Obviously there are reasons that anyone would agree justify having such surgeries. I’m wondering about the ones that are done simply to give one a bit of an edge in the competition for sexual /romantic attention, or higher self-esteem, or both. I would not necessarily have shunned cosmetic surgery if I could afford it — aging sucks — yet I hate, I’m actually scared by, the way it eventually wipes out Hollywood stars’ very individuality. To keep on looking pseudo-young, they sacrifice looking like themselves, or like anyone in particular. Of course one need not go that far to look, as they say, “rested.”
wj said,
January 11, 2010 at 10:28 am
I think Ice (7 am yesterday) made an excellent point. In training, you do learn more by going up against those who are better than you are. But my observation in teaching a martial art is that training has to include some experience of success as well.

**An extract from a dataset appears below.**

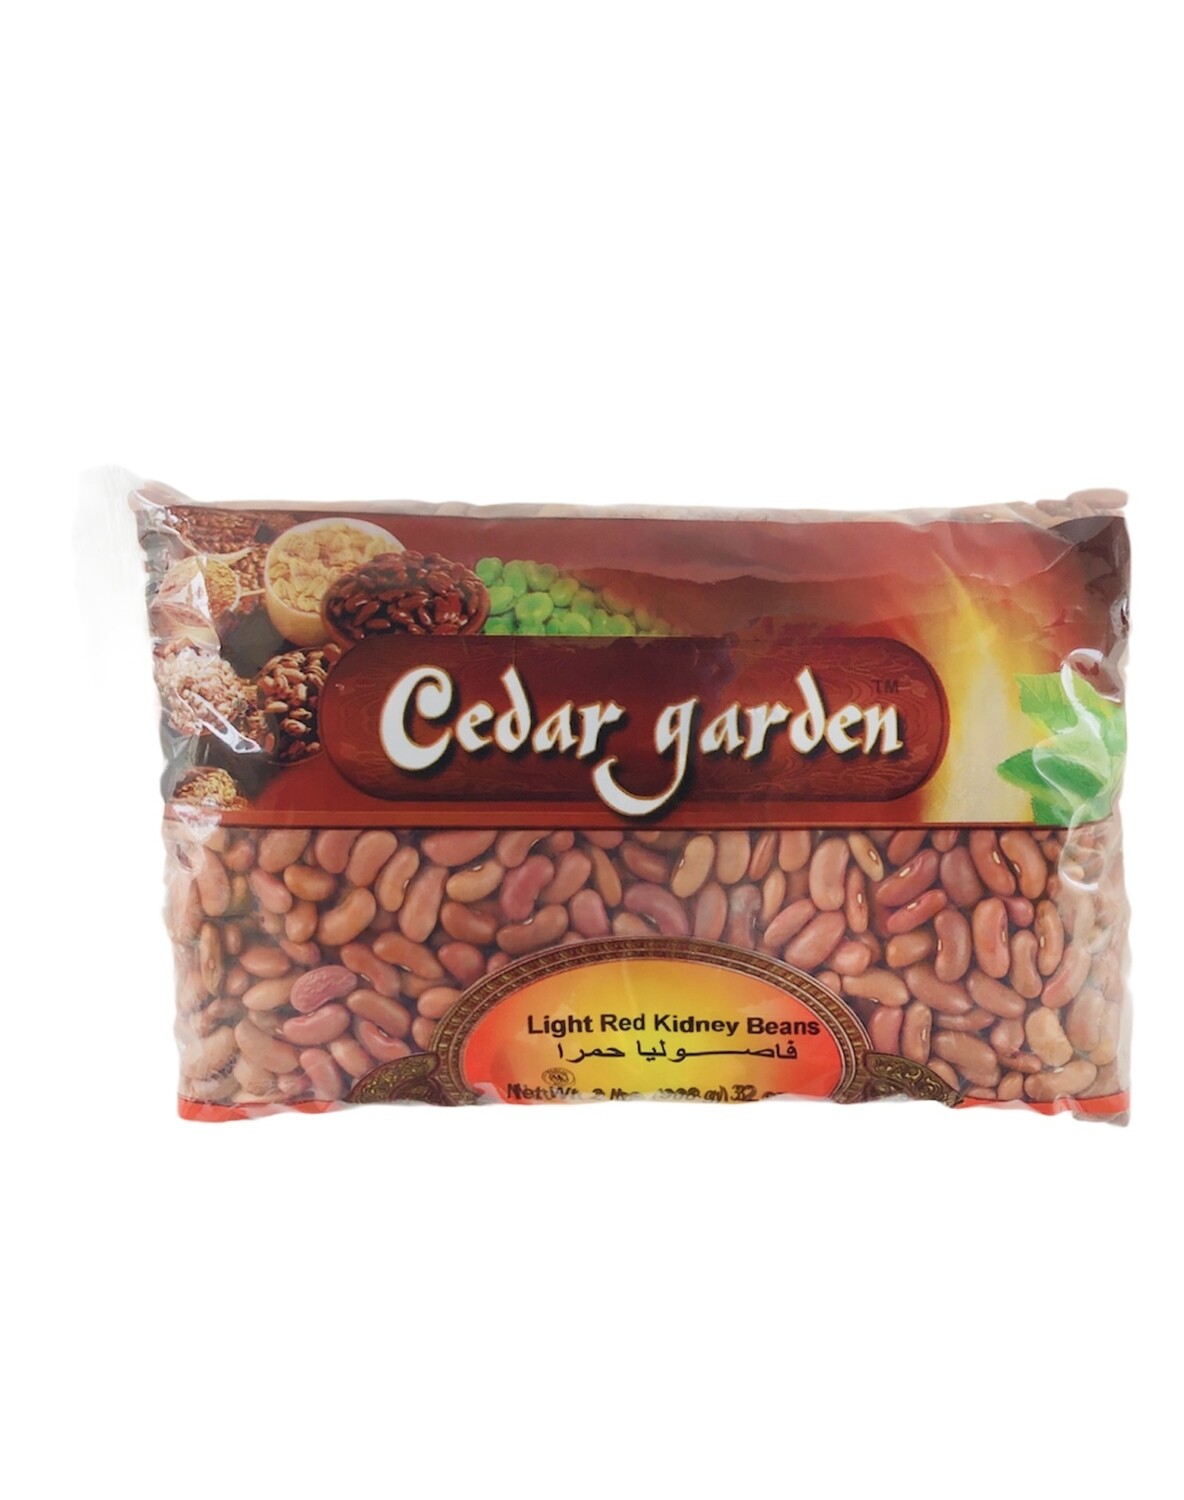 Cedar Garden Light Red Kidney Beans 12x2lb

I always made it a point to work at a level where my students could win about 40% of the time . . . IF they were working at their best current ability. That taught them the most, while still leaving them with the knowledge/experience (deep inside where it counted) that they could beat anybody, at least occasionally. Which meant that, in an actual competition, they didn’t just assume that they would lose to anyone who was better than they were. They knew that, if they did their best, they had at least a chance of winning. So they went out and did their best. (Really surprised some very good opponents that way, too!)
wj said,
January 11, 2010 at 10:28 am
OK, I meant this morning. Guess I don’t even know what day it is yet. ;-)
amba12 said,
January 11, 2010 at 11:25 am
Excellent principle, wj — you need some rewards to whet your appetite to keep going through the hard times. A taste of success increases motivation.
Ron said,
January 12, 2010 at 6:53 am
So now that he’s confessed — tearfully no less — does anyone think that he will now be elected to the Hall of Fame? I sure as hell don’t. The moral of the story: Don’t Get Caught.
Ron said,
January 12, 2010 at 6:58 am
Oops! The ‘he’ in the above post is of course Mark McGwire.
wj said,
January 12, 2010 at 10:11 am
Yes, Ron, I expect that McGwire will get into the Baseball Hall of Fame. Just a lot later than he might have otherwise. Why? Because other people from that era will, and then “turn out” to have used steroids, too — which anyone looking at them, as at McGwire, could have figured out. At which point, it will seem unfair to keep him out for, as you say, getting caught (although confessing might be a better term, given the lack of anything resembling proof).
Was that cheating? I would say so. But when cheating is pervasive enough, and has been rewarded enough, it becomes harder to maintain a stand against it. Unless, of course, you can show that someone who wasn’t doing so is substantially harmed. Not just deprived of a high-profile career in professional sports, but really harmed.
A society may move to taking a harsher view of cheating, in any context. America has certainly seen swings back and forth in what is and is not acceptable in various areas. But that is, IMHO, a different phenomena.